Something I’ve been debating writing about for a week, now —

Reddit’s Native Image Hosting : Architected Without Security.

Reddit introduced native image hosting 7 years and 7 days ago.

Example used in the announcement: https://i.redd.it/lasm5nl33o4x.png

There are few to no access controls on these images, and only under specific circumstances.

https://i.redd.it/lasm5nl33o4x.png

Reddit

Reddit Native Images are publicly available to anyone who knows the image name & extension, by default.

This makes it trivial for someone in a private subreddit or private chat to hand off image URLs to a third party, who can retrieve the images at their leisure, whether or not logged in to the site and whether or not they have access to the subreddit or chat hosting the image.

Prior to sometime in 2021, Reddit Native Hosted Images associated with posts which were taken down pursuant to DMCA takedown requests, Personally Identifiable Information Rule Violation, Non-Consensual Intimate Media Rule Violation, and other such evils, those images were still retrievable by anyone with the image URL, and many still are.

In 2021 going forward, any such image associated with a taken-down post was also taken offline; Images on previously actioned posts were not taken offline.

The naming convention for the images is a 12 or 13 digit BASE36-encoded number, in LSB / little-endian order, where the 7 or 8 most significant digits (edit:rightmost) are confirmed to be serialised, incrementally.

The 5 least significant digits may also variously be part of the serially incrementing segment and/or may be checksum bits for the filename, file extension, or other housekeeping.

Because BASE36 only needs 6 significant bits per digit for representation, this reduces the non-serially-deterministic bitspace of the filename to (I believe) between 7.7k and 15k possibilities — a space trivial to brute force by distributed requests,

Making it possible for a dedicated attacker to relatively easily explore the images uploaded to Reddit in a known arbitrary time frame by characterizing suitably chosen publicly faced images’ names, and requesting (fuskering) the interval.

This design flaw may be one reason behind Reddit’s recent choice to drastically throttle document requests from not-logged-in viewers - to counter & prevent systematic plundering of images posted to non-public-facing subreddits & chats.

Executive Summary:

None of the images you have uploaded to Reddit are actually private; while Reddit’s naming convention for images makes it infeasible to blindly stumble upon an image URL, the limitations of that convention may make it feasible for a determined attacker with appropriate distributed sessions to attack and exfiltrate images uploaded to the site in a suitably limited timeframe.

Your images cease being publicly retrievable when you delete the associated post/gallery.

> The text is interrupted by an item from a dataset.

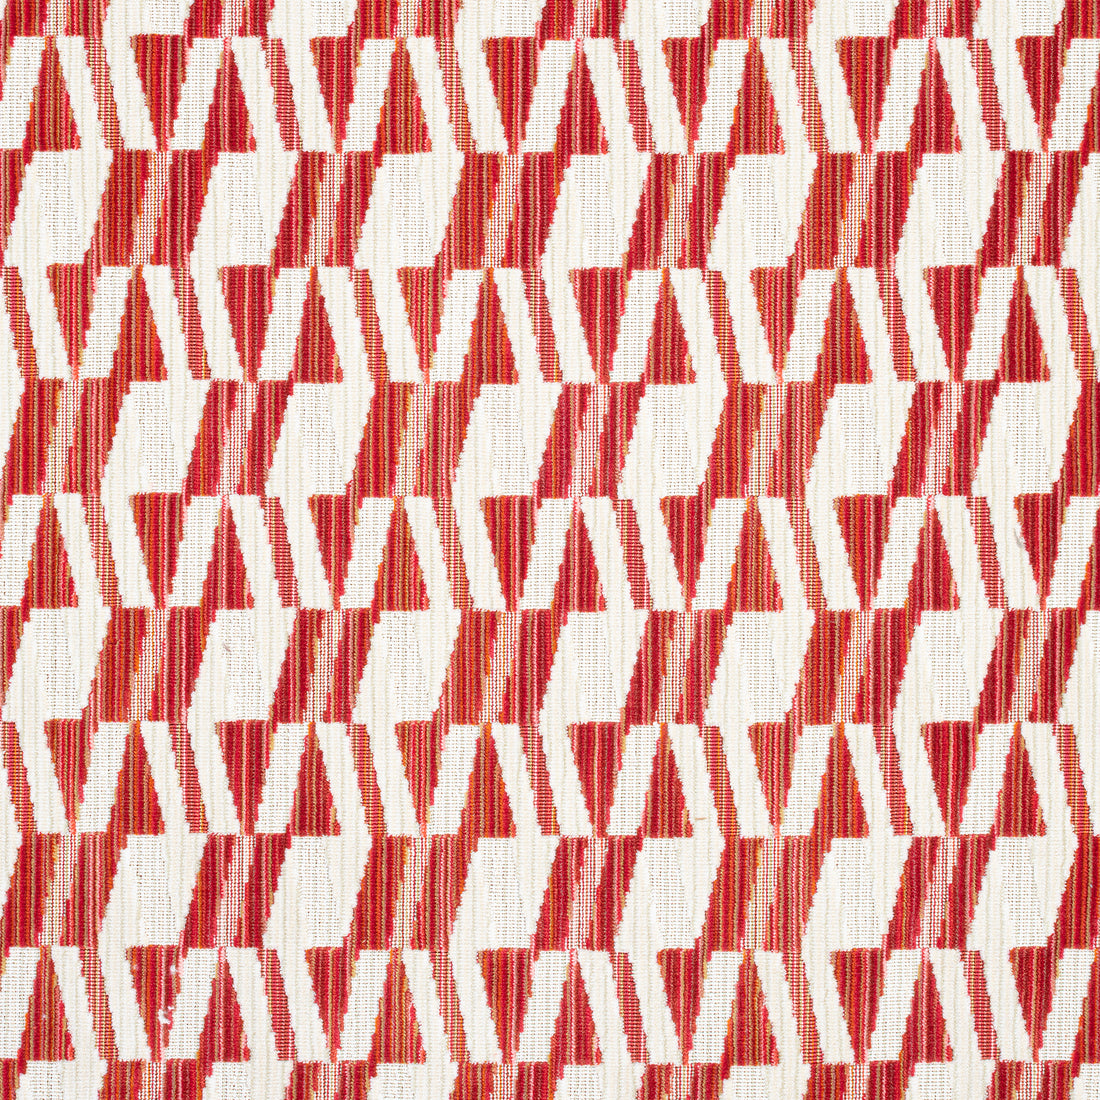 Bossa Nova Velvet fabric in persimmon color - pattern number W72808 - by Thibaut in the Woven Resource 13: Fusion Velvets collection

Reddit should undertake a process of sequestering all images stored on their servers which are associated with posts removed by moderators or pursuant to DMCA takedown or Sitewide Rules Violations, regardless of when the images were uploaded to the site, to counter exploitation of those images and preserve user privacy and safety.

Reddit should also verify that images uploaded to deleted chats are no longer publicly retrievable.

@PennyOaken Reddit do something that helps its users? Lol.
@solipsistnation ironically this write up was built out of a request by someone who wanted a viable null hypothesis / alternate hypothesis for why Reddit has begun charging third parties $12,000/5M API requests, as a hypothesis exploring who / which Market Segments they’re targeting with that pricing.